Design of a programmable delay controller (PDC) within an aerospace-compatible, FLASH-based field-programmable gate array (FPGA) fabric will be presented. Although PDC is a common digital block nowadays, the possibility to use it for low-jitter arbitrary frequency generation still seems to be uncovered. The objective is to provide a versatile PDC block capable of generating arbitrary binary waveform constrained only by minimum achievable edge-to-edge switching time. The discussed PDC may be able to replace current building blocks such as direct digital synthesizer (DDS), phase-locked loop (PLL), micro phase stepper, or various modulators; all within purely digital circuit (FPGA, custom CMOS).

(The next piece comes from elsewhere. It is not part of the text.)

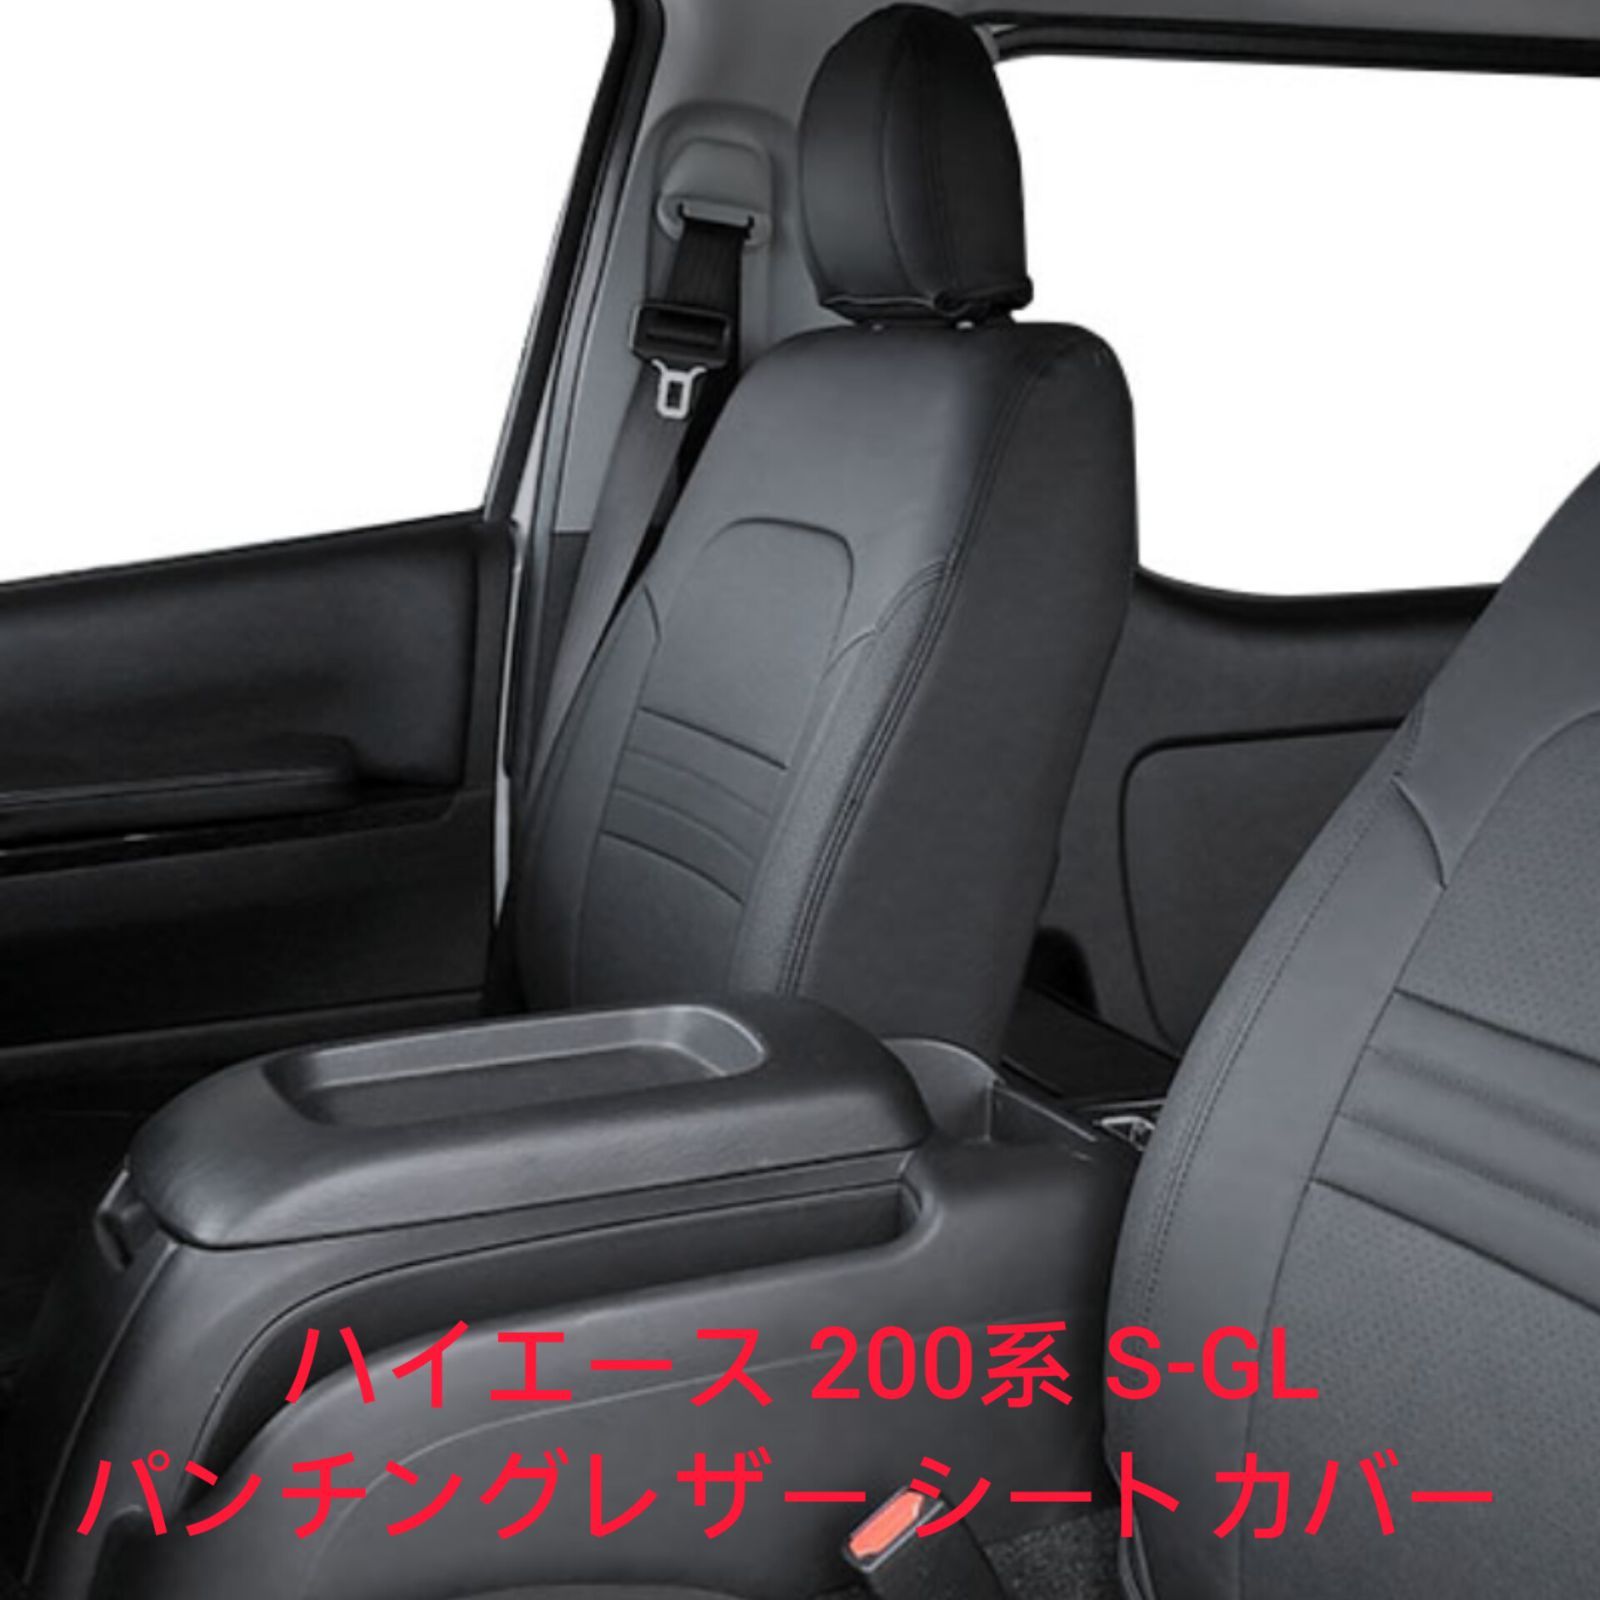 トヨタ ハイエース200系 S-GL専用 シートカバー(パンチングレザーブラック

Let us call the time interval between control signal changes (updates) the sampling period T_s, and let the time interval between the consecutive edges of output signal be called the output interval T_o. Current PDC designs [1], [2], [3], [4], [5], [6], [8] operate at T_s ≥ T_o. Fig. 1a. The key idea of our proposal is seamless PDC operation at T_s → T_o, Fig. 1b. Such a development unleashes following advantages:

- generation of arbitrary binary waveform constrained only by T_o ≥ T_s.
- generation of arbitrary frequency, constrained by f ≤ 1/T_o.
- under proper treatment, no edge will be created by the switching elements themselves; therefore, the overall jitter will be composed solely of the jitter of input signal and propagation jitter of the delay elements.

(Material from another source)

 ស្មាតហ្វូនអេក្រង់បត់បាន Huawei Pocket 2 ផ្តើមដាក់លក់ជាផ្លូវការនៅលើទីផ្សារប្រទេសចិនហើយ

Design and implementation details of the PDC circuit are described. Performance figures, such as pass-through random jitter, achieved delay granularity, and temperature drift follow.

II. CIRCUIT DESIGN

A. Delay line design

This section describes design of the essential PDC component: a delay line. Typical PDC based on a digital circuitry consists of fixed-length delay elements (transmission lines, gates) composed into signal path by electronic switches (multiplexers). An input signal passes through the delay elements and multiplexers to the output. The multiplexers are switched by means of another digital control signal.

The most common approach is to form the delay line as a cascade of binary elements, Fig. 2a. A favorable property of this design is that n elements may cover 2^n equidistant delay steps, provided element delays follow K2⁻⁷ distribution, i.e. d_{k+1} = d_k/2. Such a delay line acts similarly to a Digital-to-Analog Converter (DAC), but working in time domain. Moreover, the conversion is monotonic by design. Since there is a lack of short delay elements within FPGA fabric, a differential
approach to achieve very fine resolution is employed, Fig. 2c. Only \( d_0 - d_a \) effectively applies, allowing to push resolution down to \( \sim 10^{-12} \) s level.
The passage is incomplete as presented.